Author's Chapter Notes:
Note: I don’t own Buffy the Vampire Slayer, Joss Whedon does; but I do own this piece of fanfiction, which is meant solely to entertain. Also, special thanks to my beta, Dorian’s Kitten. Without her, there would be screwed up tenses.
Chapter 3: Clothes Make the Monster



He froze.

Two more steps toward Dawn and Alexander Harris would have broken the crystal that held the spell of forgetfulness over the band of demon-fighters. But instead he stood absolutely still.

He was watching the girl he thought was his girlfriend – that cute redhead, Willow – lay on her college buddy. She had fallen, but she seemed to be in no hurry to get up.
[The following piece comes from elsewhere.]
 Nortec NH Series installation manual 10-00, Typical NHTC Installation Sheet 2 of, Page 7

It wasn’t pain or even hurt that Alexander felt, just a mild sting; somehow he knew having a hottie for a girlfriend, or any girlfriend at all, was too much to ask.

The youngest among them was pretty intuitive herself. Dawn’s heart sank a bit as she watched Alex’s eyes lower to the floor of the sewer tunnel they were in. He dejectedly kicked a rock, stirring up a small cloud of dirt with it as it trailed towards the two girls on the floor. They didn’t notice.
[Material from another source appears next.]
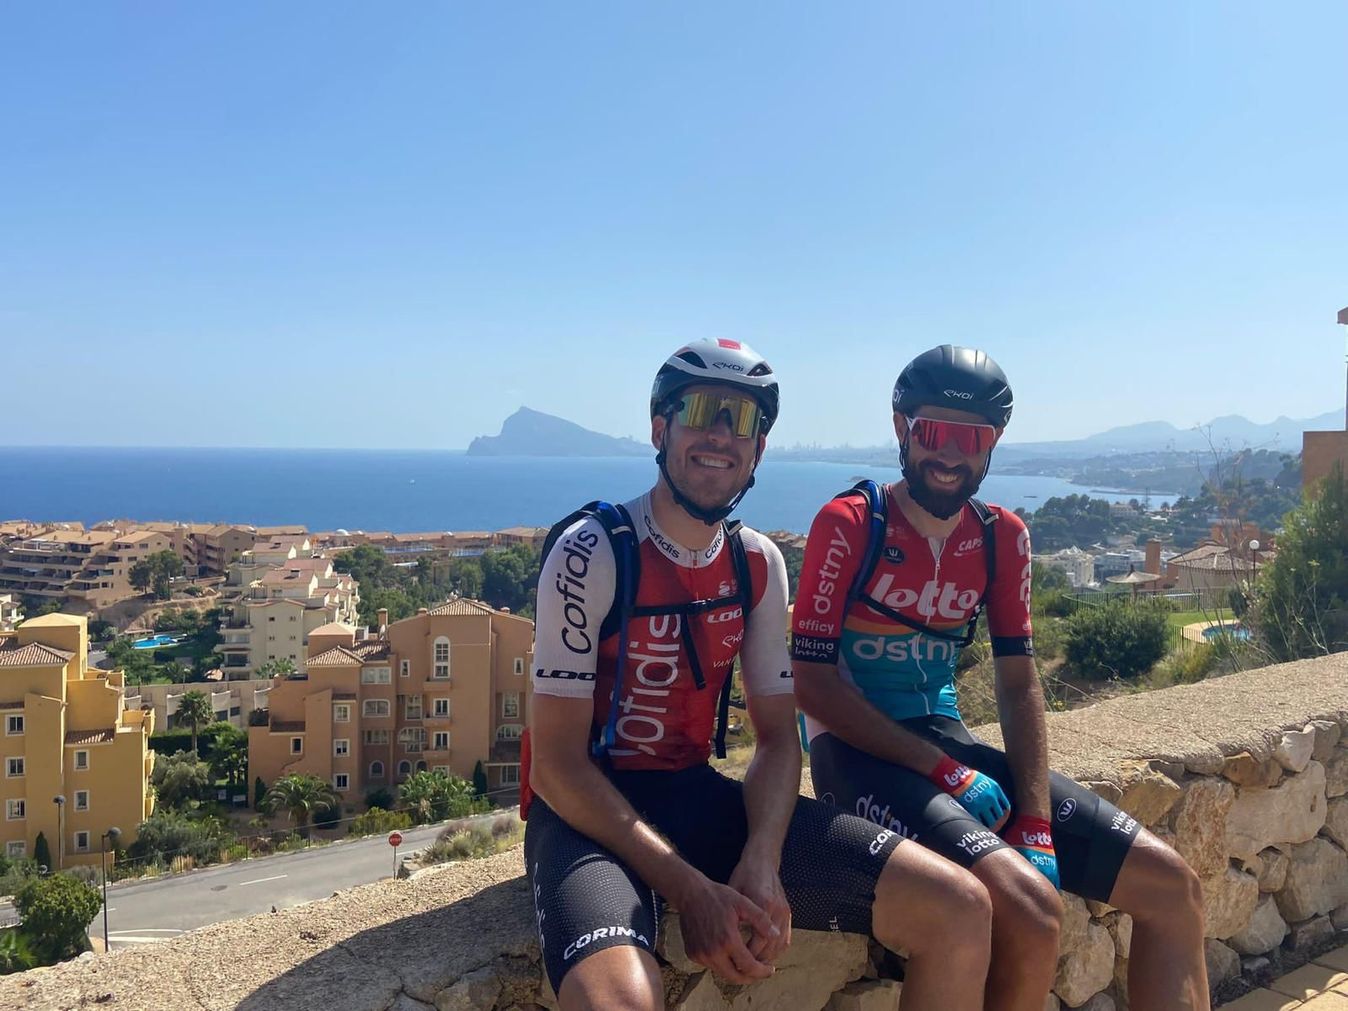 Wallays and De Gendt with the final destination of Calpe in the background

Dawn took it upon herself to get his attention off it.

“Oh look! A ladder!” She ran over to it and looked up into the night sky through the slats in the large grate above.
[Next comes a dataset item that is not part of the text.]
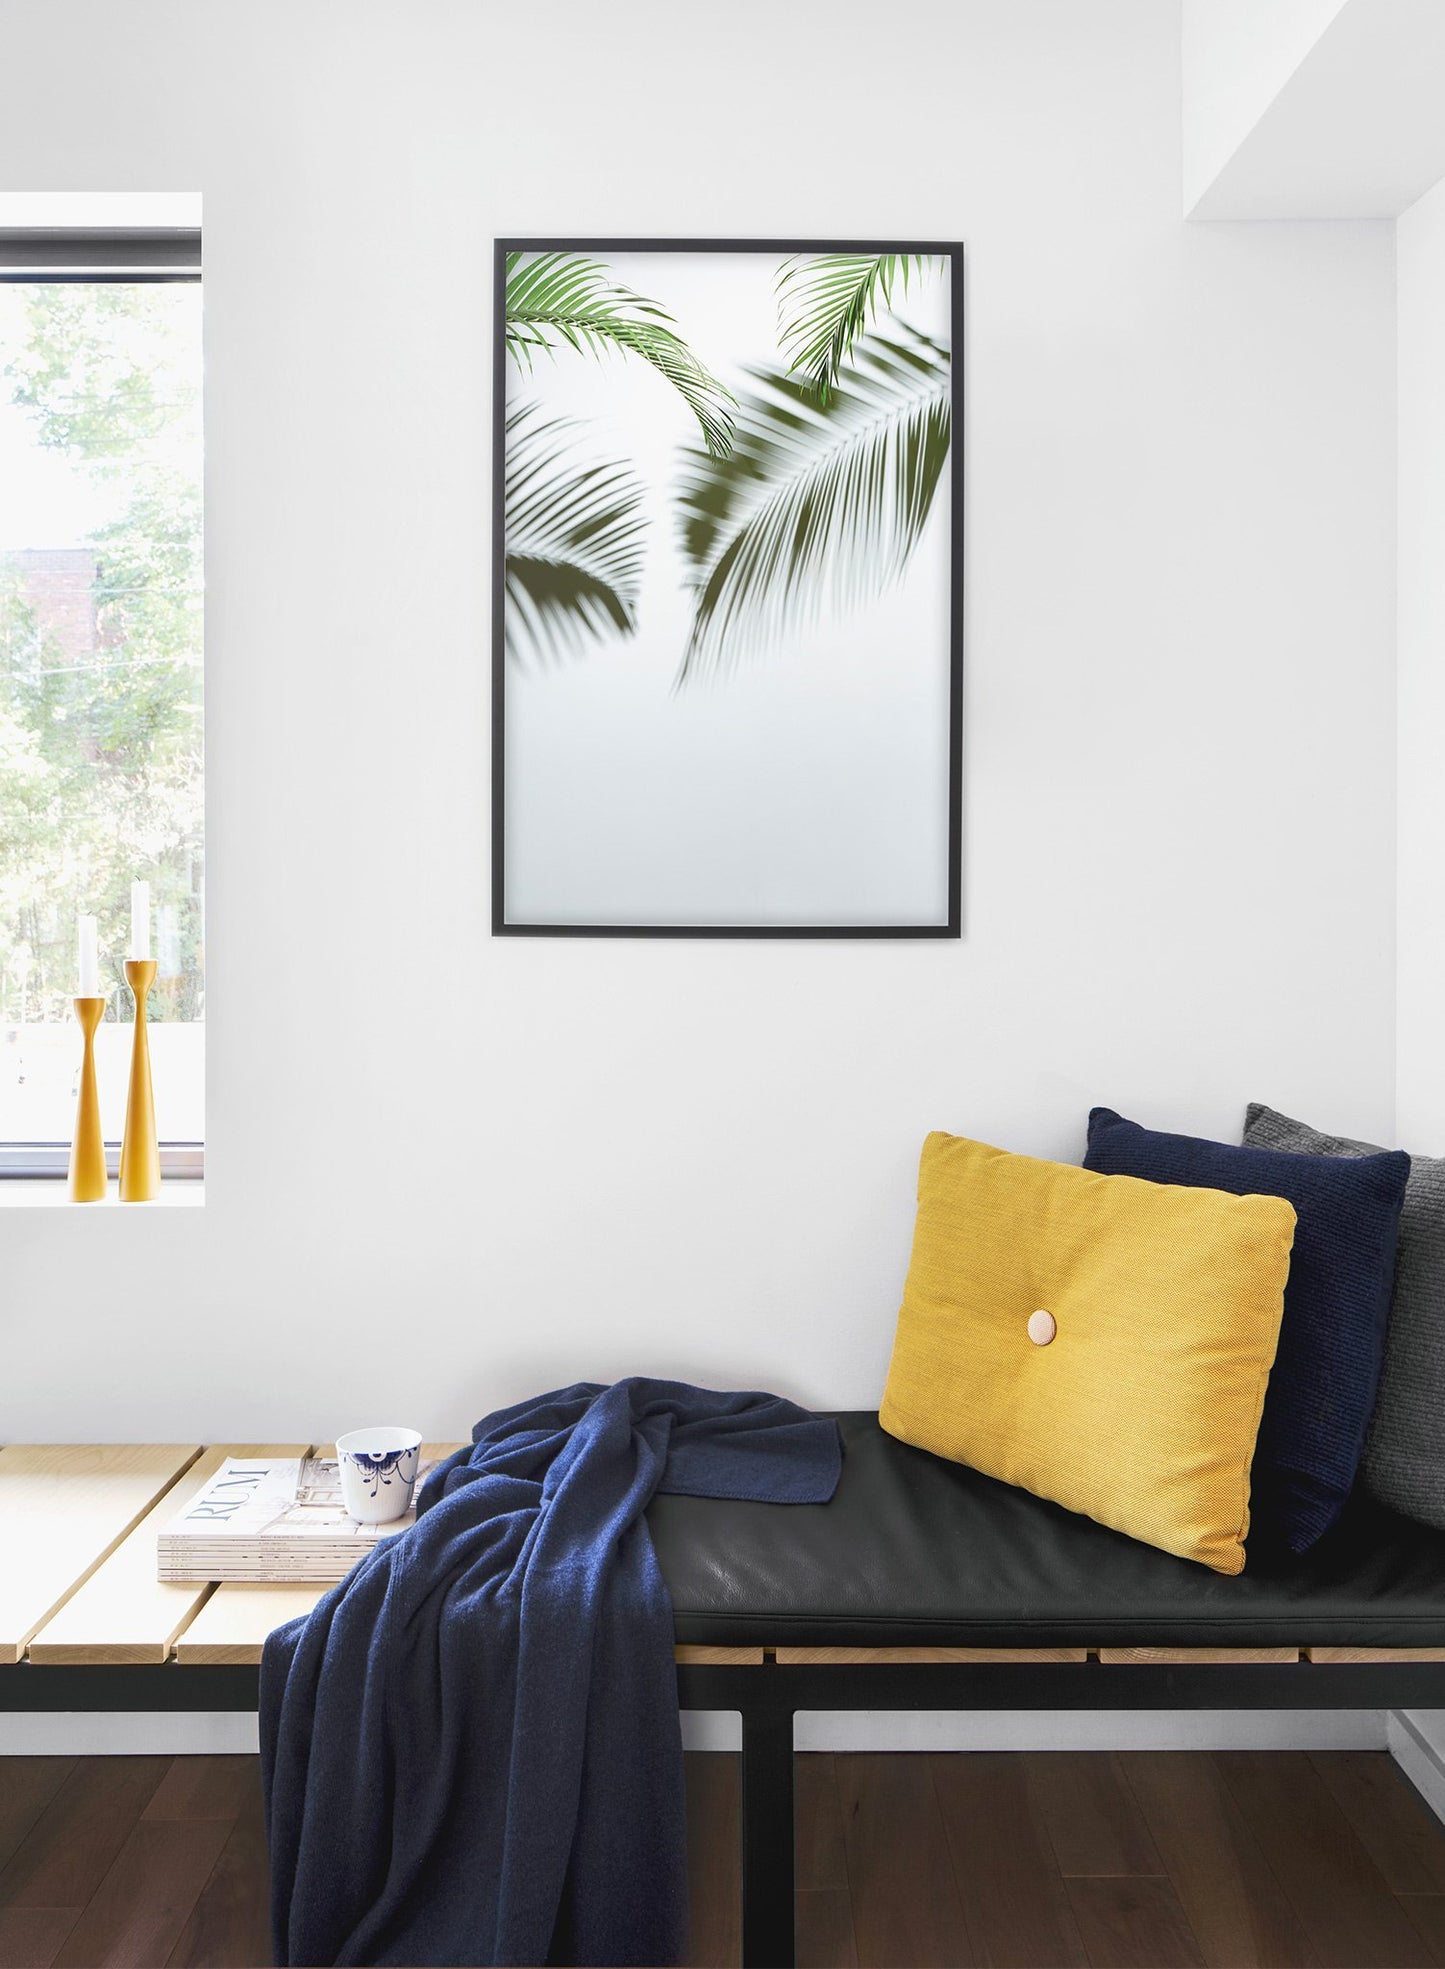 Tropic Blur modern minimalist botanical photography poster by Opposite Wall - Bedroom

“Nice,” Alex said, snapping out of it. He walked in the complete opposite direction of the black quartz lying on the floor. “Grate looks heavy. I’ll go first.”

On the floor, Willow Rosenberg had barely brushed her lips against her study buddy’s when she pulled back sharply.

“Oh my god!” she gasped in a hushed whisper. “I’m so sorry!”

“N-no!” Tara Maclay tried to sound confident as she followed Willow in sitting up. It was as though there was an invisible chain linking them. She could only stutter. “Th-that’s fine,” she whispered. “I…”

The voluptuous young woman put her head down, unable to meet the wide eyes of the girl who set her heart aflutter. She was so painfully nervous that the redhead’s gaze burned, and the saliva Tara swallowed did nothing to put out the fire. “I-I… I like you, t-too.”

Tara looked up to see a flash of teeth before the redhead frowned.

Willow caught a glimpse of Alex’s legs as he pushed open the grate with a loud creak. Here less than an hour and I have to break someone’s heart.


His knuckles still stung as he laced his fingers around the grate and pushed. As he crawled out of the sewer tunnels, Alex couldn't remember a time he was so happy to breath fresh air.

Of course, I can’t remember – I can’t remember anything, he thought as he offered Dawn a hand off the ladder. It was the same thing he reminded himself every ten minutes.

So, when he finally had to offer his hand to the redhead who may or may not have been his girlfriend, he couldn’t hold the scene in the sewer against her. After all, he had been the one to suggest they were dating, and she couldn’t have known any better. Heck, he hadn’t known his own name without looking at his driver's license.

He ended up smiling when he pulled her up, finding himself unable to be mad at this girl.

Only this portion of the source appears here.